Support the Post-Market Surveillance & Risk Management Review meetings to ensure all activities are completed to maintain the risk management file as new information is learned during the product development process or per signals obtained through post-market surveillance programs.
Develop and maintain Risk Management Files according to ISO 14971 for new or legacy products and ensure Risk Management Files are updated per defined schedules and frequencies. This would include risk management reports, hazard analyses, user risk assessments, design risk assessments and process risk assessments.
Develop and maintain Usability Engineering Files according to ISO 62366 and Human Factors engineering for the legacy products. This would include usability engineering plan, review of and evaluation of historical data and summative evaluation plan.
Provide quality engineering expertise in the areas of Risk Management, Design Controls, Usability Engineering, Quality Assurance/Control, Regulatory Compliance, and Statistical Techniques, as needed.
Ensure compliance with all Federal, State, local and company regulations, policies and procedures.
Performs other quality-related duties as assigned by management.
Basic / Minimum Qualifications:
Bachelor’s degree in Scientific or Engineering field with a minimum of two (2) years of experience within Quality Engineering, Quality Operations, and/or Quality Systems.
Proven experience with Post Market Surveillance, Risk Management, and/or Design Control and Human Factors Usability Engineering programs, processes, or tools.
Medical device industry experience
Experience with sustaining engineering
Knowledge and experience with PSURs (Periodic Safety Update Reports)
Experience with DHF audits
Experience with Class III implantable medical devices.
Knowledge of the Domestic and International regulatory requirements of Medical Device regulations (FDA 21 CFR 820, ISO 13485, ISO 14971; and other applicable regulatory requirements).
ASQ Certified Quality Engineer (CQE), Quality System Lead Auditor, Certified Six Sigma Black Belt (CSSBB), or related quality/regulatory certifications a plus.
Strong attention to detail and ability to recognize problems and take corrective measures.
Demonstrated experience prioritizing conflicting demands in a fast-paced environment.
Critical thinking, strong problem solving, influencing and negotiation skills.
Edwards is an Equal Opportunity/Affirmative Action employer including protected Veterans and individuals with disabilities.
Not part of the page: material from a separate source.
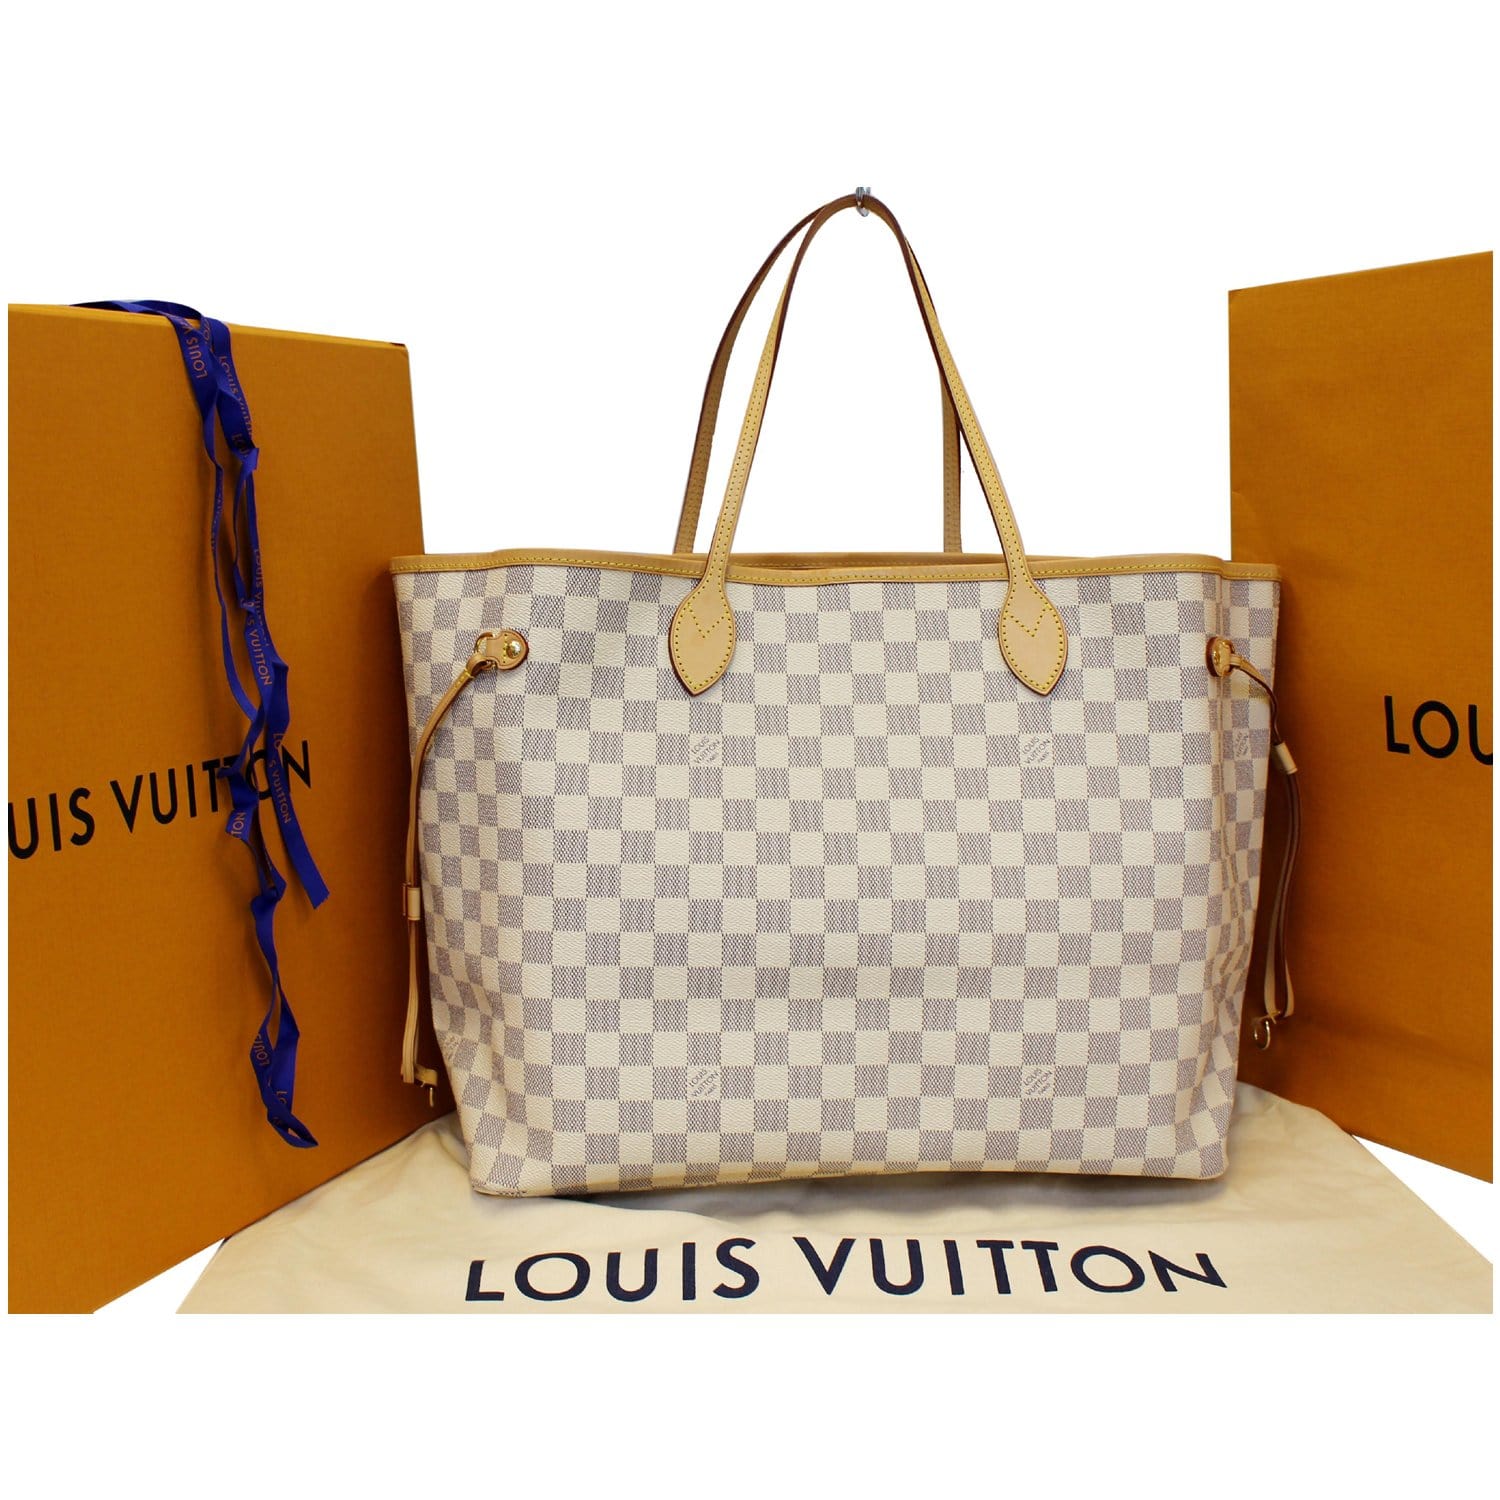 2018 Louis Vuitton Damier Azur Neverfull MM Tote Bag Rose

Edwards Lifesciences is the global leader in patient-focused medical innovations for structural heart disease, as well as critical care and surgical monitoring. Driven by a passion to help patients, the company collaborates with the world's leading clinicians and researchers to address unmet healthcare needs, working to improve patient outcomes and enhance lives. Headquartered in Irvine, California, Edwards Lifesciences has extensive operations in North America, Europe, Japan, Latin America and Asia and currently employs over 13,000 individuals worldwide.
For us, helping patients is not a slogan - it's our life's work. From developing devices that replace or repair a diseased heart valve to creating new technologies that monitor vital signs in the critical care setting, we focus on helping patients regain and improve the quality of their life.